Потому что он опять начал говорить о том, что цели операции не изменились: это денацификация и демилитаризация. Год назад он об этом не говорил, в прошлом году цели вообще всё время менялись. То генерал Миннекаев говорил, что настоящая цель «спецоперации» — это никакой не Киев, а сухопутный коридор в Крым и Приднестровье. То говорилось, что настоящая цель «СВО» — это выход на административные границы Донецкой и Луганской областей.
А сейчас Путин вернулся к риторике почти двухлетней давности. Он переживает приступ оптимизма, и он звучал очень оптимистично. Видно, что он доволен жизнью и чрезвычайно доволен собой.
И не зря он ответил на последний вопрос [журналиста «Коммерсанта» Андрея] Колесникова, что «правильным курсом идем». Ему кажется, что всё хорошо: он наладил экономику, расколол Запад, нанес удар по Украине, наступление которой провалилось. В общем, он торжествует, и именно поэтому он пошел на эту встречу — чтобы поделиться своим оптимизмом с населением.
— В самом начале прямой линии Путин заявил, что не собирается заканчивать войну. Можно ли сказать, что он предлагает россиянам новую «нормальность», когда война будет продолжаться, а жизнь большинства — идти как ни в чём не бывало?
— Он на самом деле восстановил советскую модель устройства общества с милитаристским самоощущением, когда мы жили бедно, но считалось, что мы сильнее Запада в войне: «Мы победили Гитлера, но мы и Запад победили бы, если бы пришлось с ним столкнуться». Это очень важно, потому что, насколько я понимаю, Путин считает, что Советский Союз был силен, могуч и хорош как раз для войны.

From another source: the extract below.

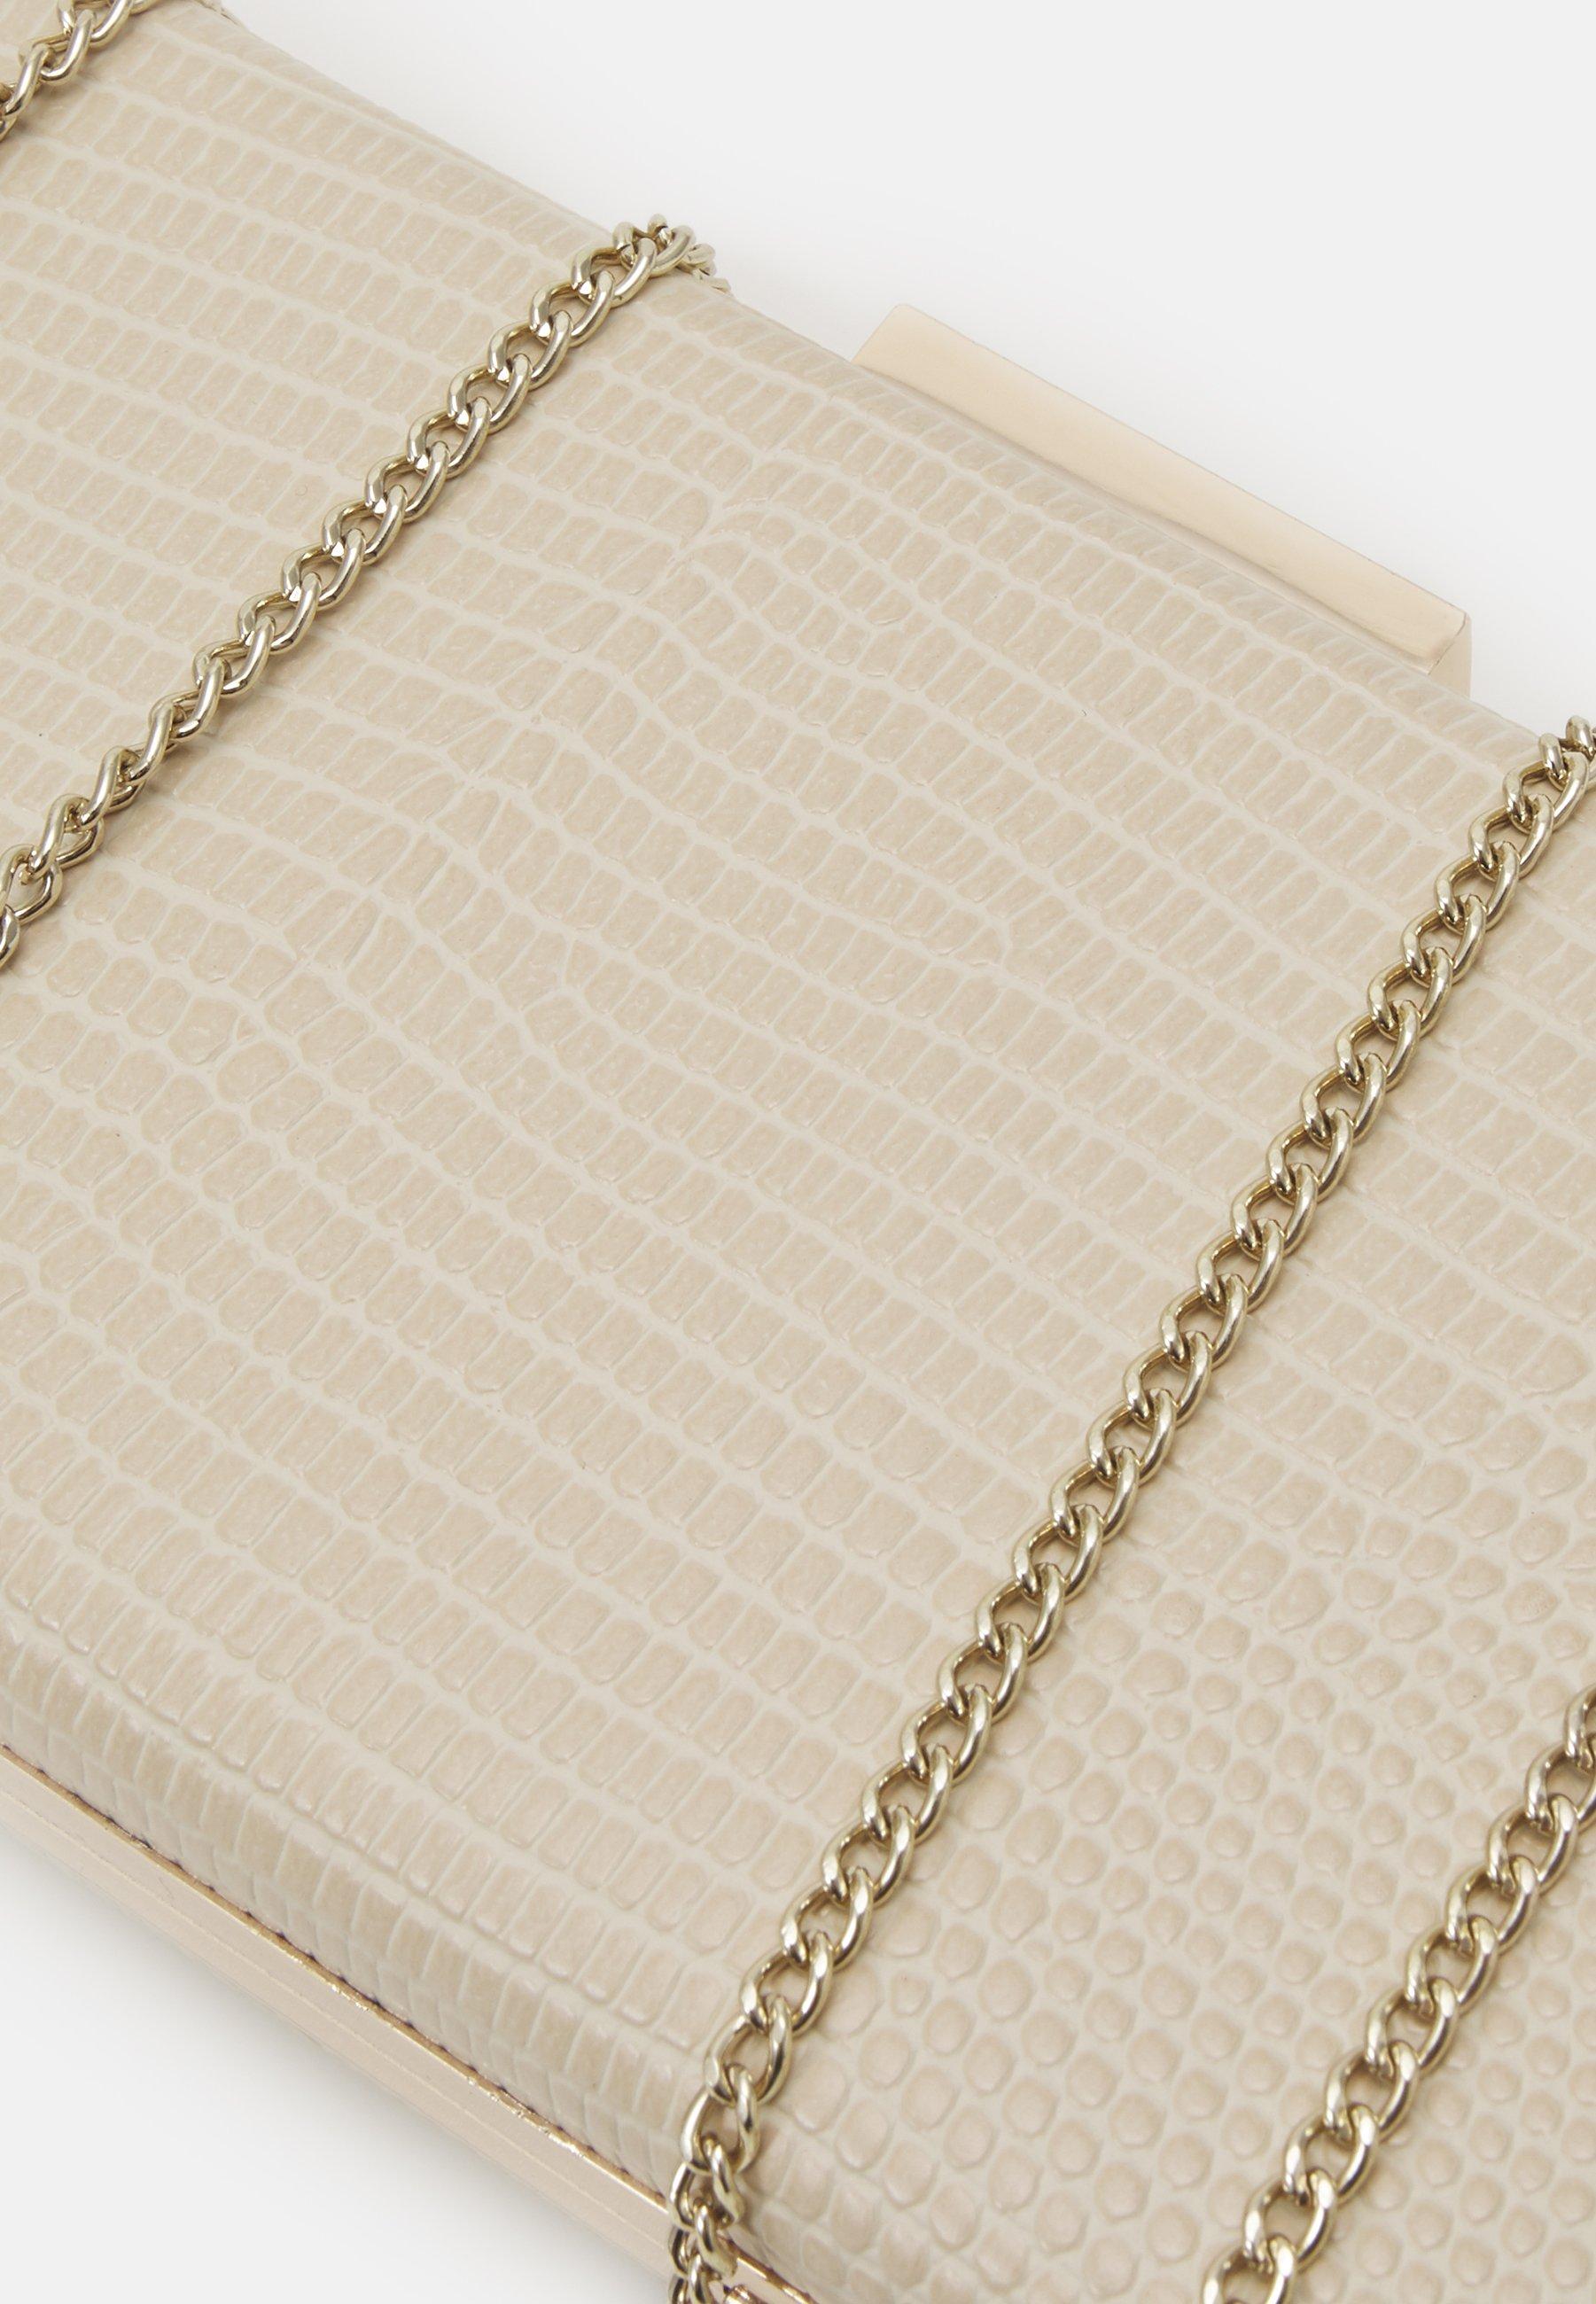 PARFOIS BOX BAG - Clutch - beige uZuK9i0HTeqHTfp

А вот в мирном соревновании он проиграл, потому что был заточен под войну. Путин эту ошибку повторять не хочет, хотя как раз с нее и начинал. Он ведь когда-то говорил, что признает правовые нормы, что Украина — независимое государство, что никогда не будет брать Крым и нарушать международные договоренности.
Но у Путина было четыре всплеска профессиональной популярности, и все четыре были связаны с военными историями: Вторая Чеченская война, Грузинская война, «Крым наш» и, соответственно, всплеск популярности в марте-апреле 2022-го года, с тех пор практически не снижающийся. И он просто на своем опыте выяснил, что для той страны, которой он командует, ощущение мобилизации, сплоченности важнее, чем проблема ухудшающегося качества жизни. И с одной стороны, мы видим, как народ негодует, что пенсии маленькие, а цены растут. А с другой — гораздо больше людей волнует проблема, кто кого победит на поле боя. «Нам не надо очень хорошо жить. Мы не для этого существуем. Мы существуем для победы».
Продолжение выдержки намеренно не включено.